Clark County School District officials offer a constant refrain lamenting the district’s funding levels. But a new audit reveals they haven’t spent the money they already have very wisely.

At the behest of new Superintendent Jesus Jara, the Council of Great City Schools conducted a review of the district’s business operations. Its findings read like a parody of the inefficiencies and ineptness of a government bureaucracy.

The district — a multibillion-dollar-a-year operation — doesn’t have an “up-to-date long-term facilities master plan.” Neither is it doing much to maintain its existing equipment.

“The team found no evidence of a formal plan for predictive, preventive or routine maintenance programs, which has caused a considerable (and growing) unfunded deferred maintenance backlog currently estimated to be in the $6 billion range,” the 11-person team found.

When air-conditioning units, roofs and plumbing “are not proactively maintained, these systems follow an accelerated deterioration curve and fail prematurely, sometimes years before their designed life expectancy,” the report said.

That’s reason No. 14,309,239 why you can’t fix a broken system by throwing more money into it. But it gets worse.
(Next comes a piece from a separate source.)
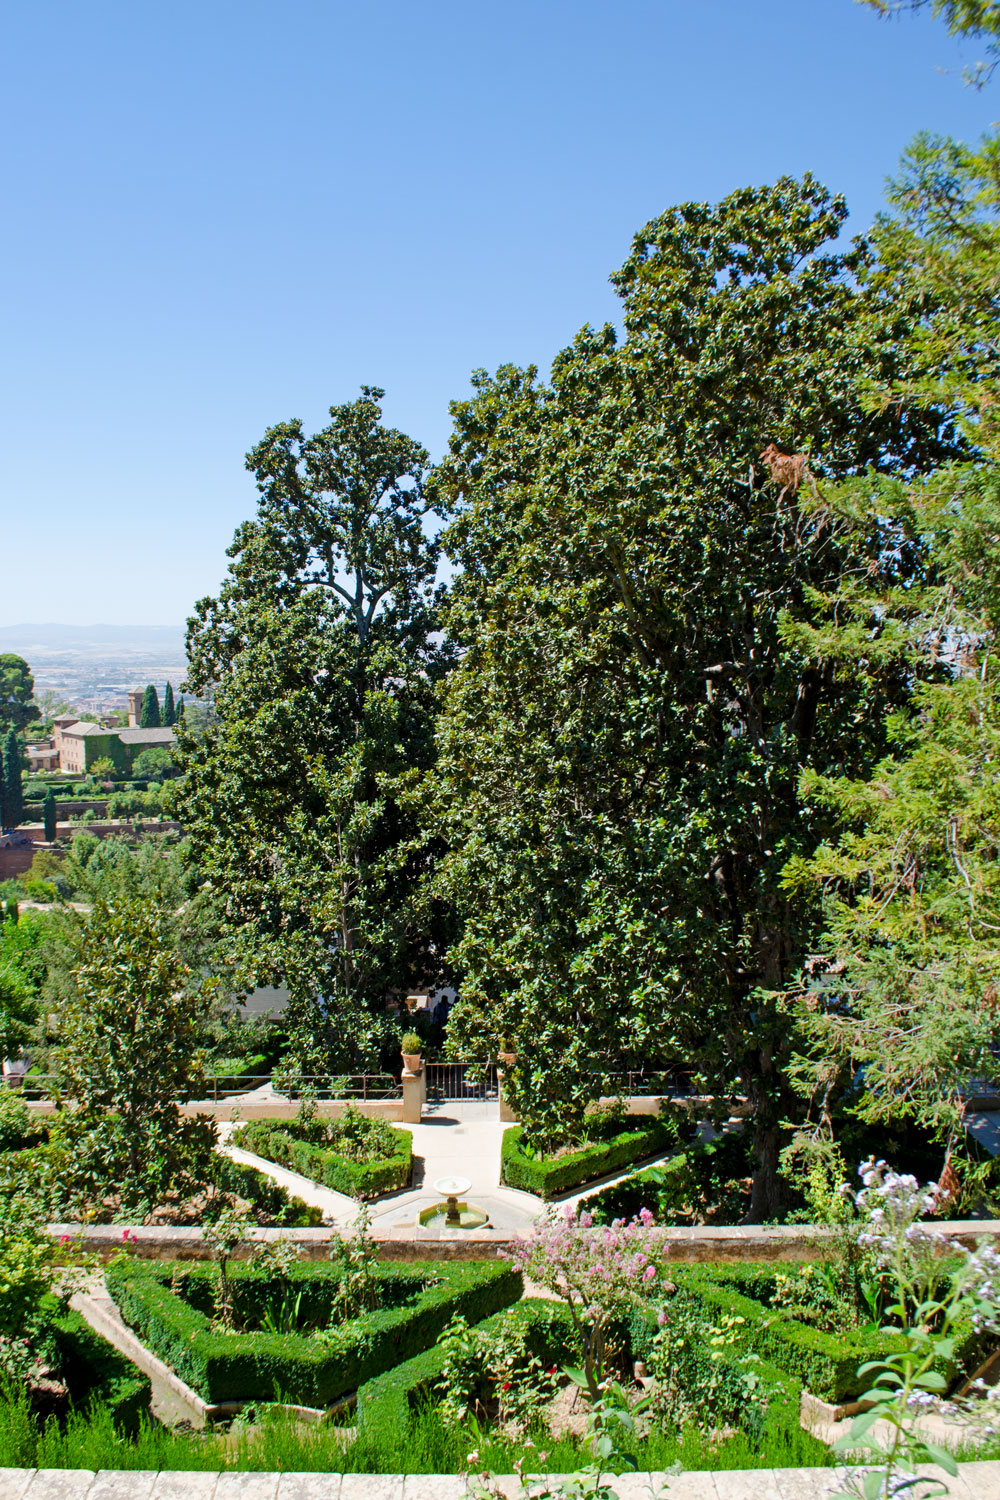 [unbezahlte werbung] La Alhambra - Was man für einen Besuch wissen muss | Die Palast-Gärten

“Maintenance was not involved in the implementation of the current maintenance management software platform procured and, as a result, there is reluctance to use it,” the consultants noted.

The consultants found that failures to adequately review land surveys “resulted in structures being built over monitoring wells or gas lines that were damaged during construction.” The district has managers and supervisors who are in the same collective bargaining unit. Some supervisors oversee just a single employee. A lack of internal controls resulted in more positions created than had been budgeted for. The district has “excessive staff layers in both transportation and facilities.”

These inefficiencies are wasting limited dollars. District custodial work was 41 percent more expensive than the median of other districts examined by auditors. The district is spending an extra $24 million a year.

The most obvious solution — outsourcing — is likely to be the most controversial. A similar report in 2011, commissioned by former Superintendent Dwight Jones, also recommended outsourcing transportation services and custodial work. But many of those changes had to be negotiated with the support staff union and — unsurprisingly — went nowhere.

On Wednesday, the district announced that it was conducting a nationwide search for a new chief operating officer based on this report. Good. Bring in someone who can improve operations and ask the Legislature for the authority to make needed changes. Do that, and district officials can at least help address their funding concerns.